» Assigned task
Copy out precisely the lines from the start of the data through the line with "Diy Baby Gate For Stairs Do It Your Self", and keep pictures out of it.

» Data extract
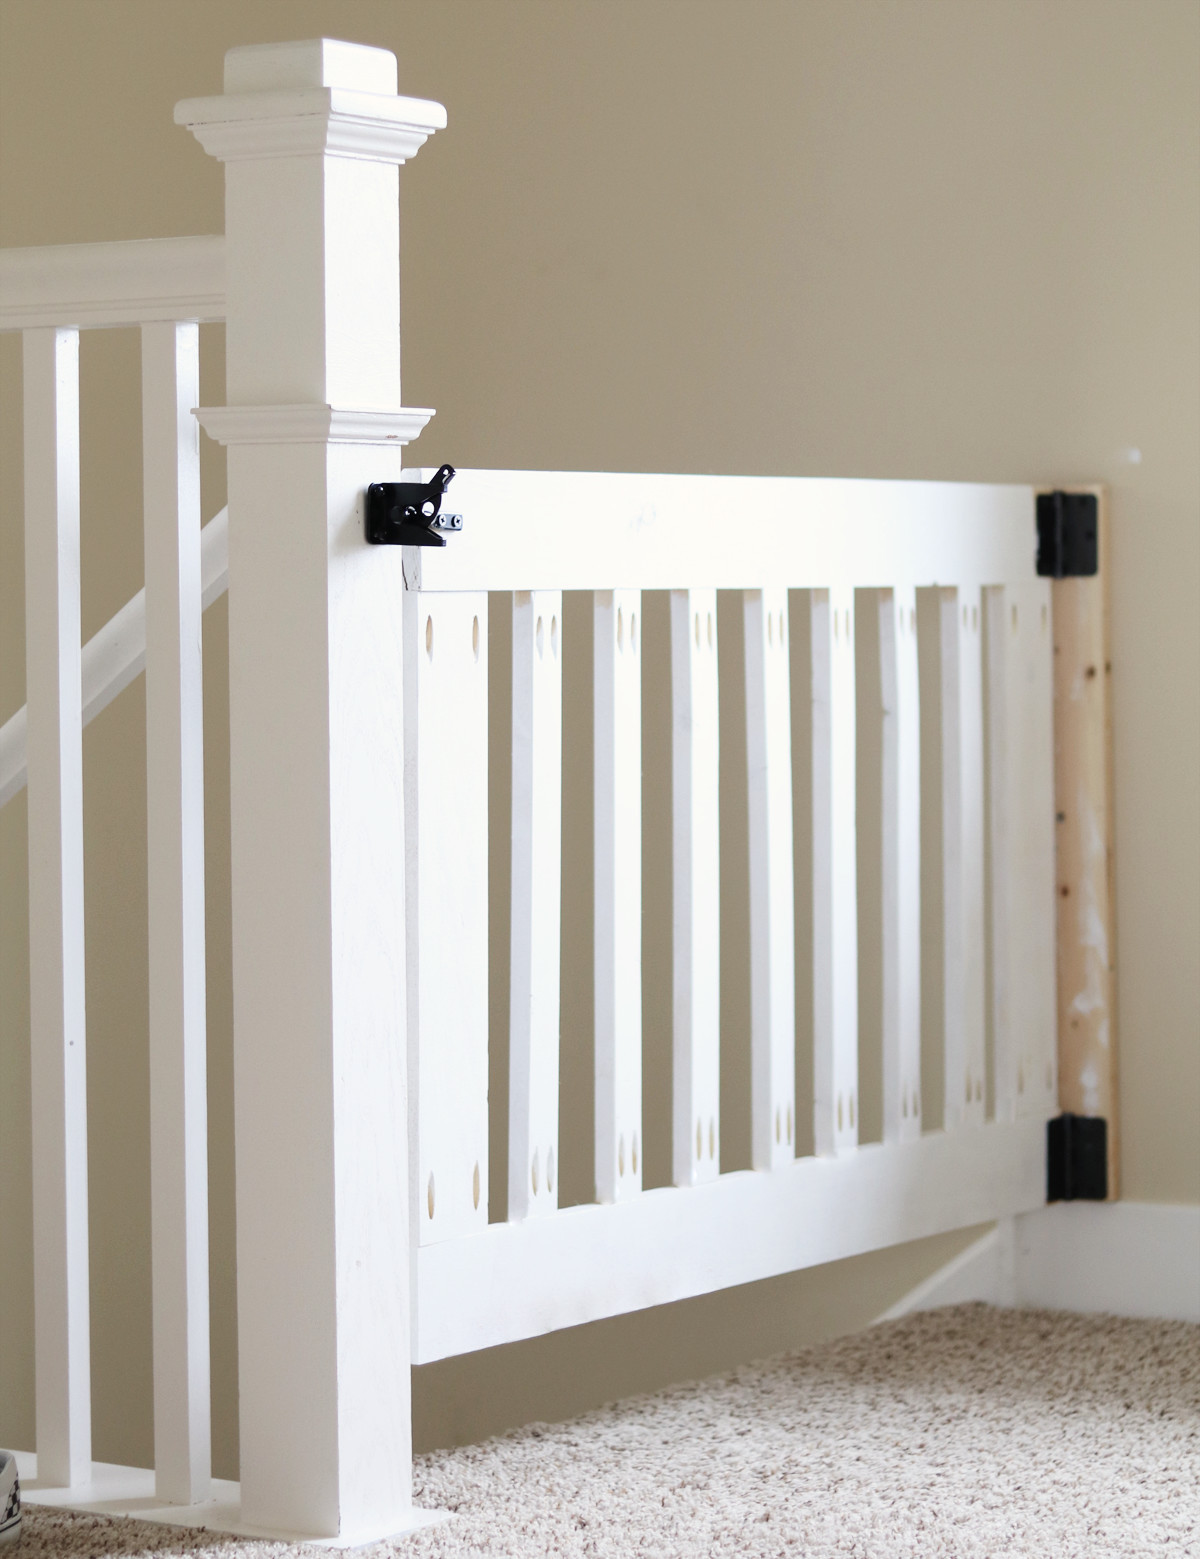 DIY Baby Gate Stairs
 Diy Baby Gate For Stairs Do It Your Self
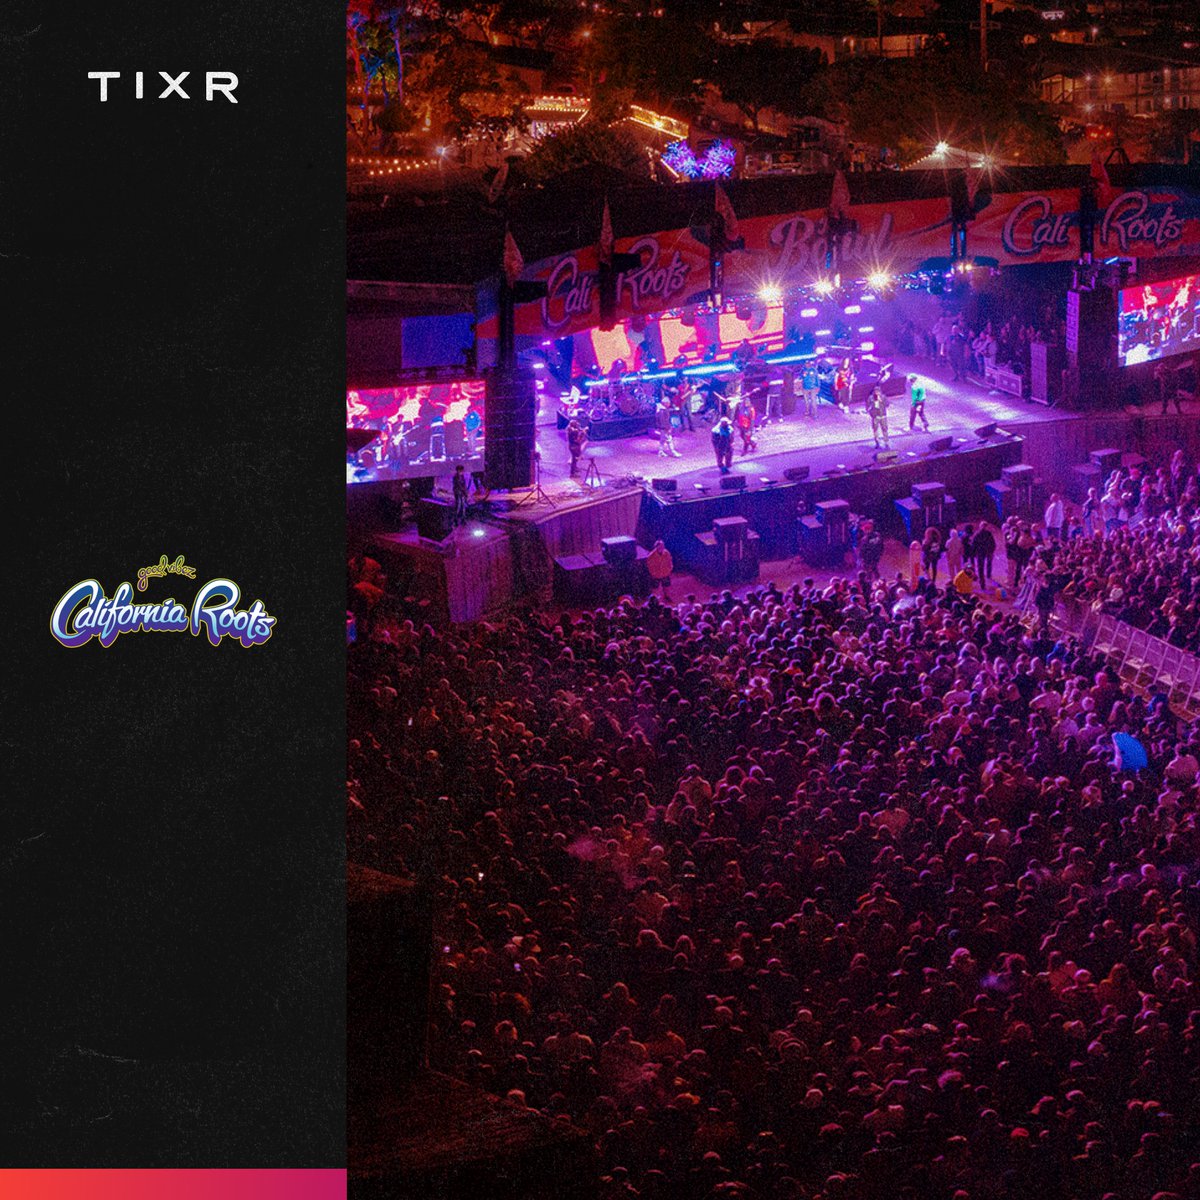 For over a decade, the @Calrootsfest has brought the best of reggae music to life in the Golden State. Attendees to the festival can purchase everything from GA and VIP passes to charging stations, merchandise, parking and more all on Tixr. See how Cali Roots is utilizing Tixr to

» Output below
 DIY Baby Gate Stairs
 Diy Baby Gate For Stairs Do It Your Self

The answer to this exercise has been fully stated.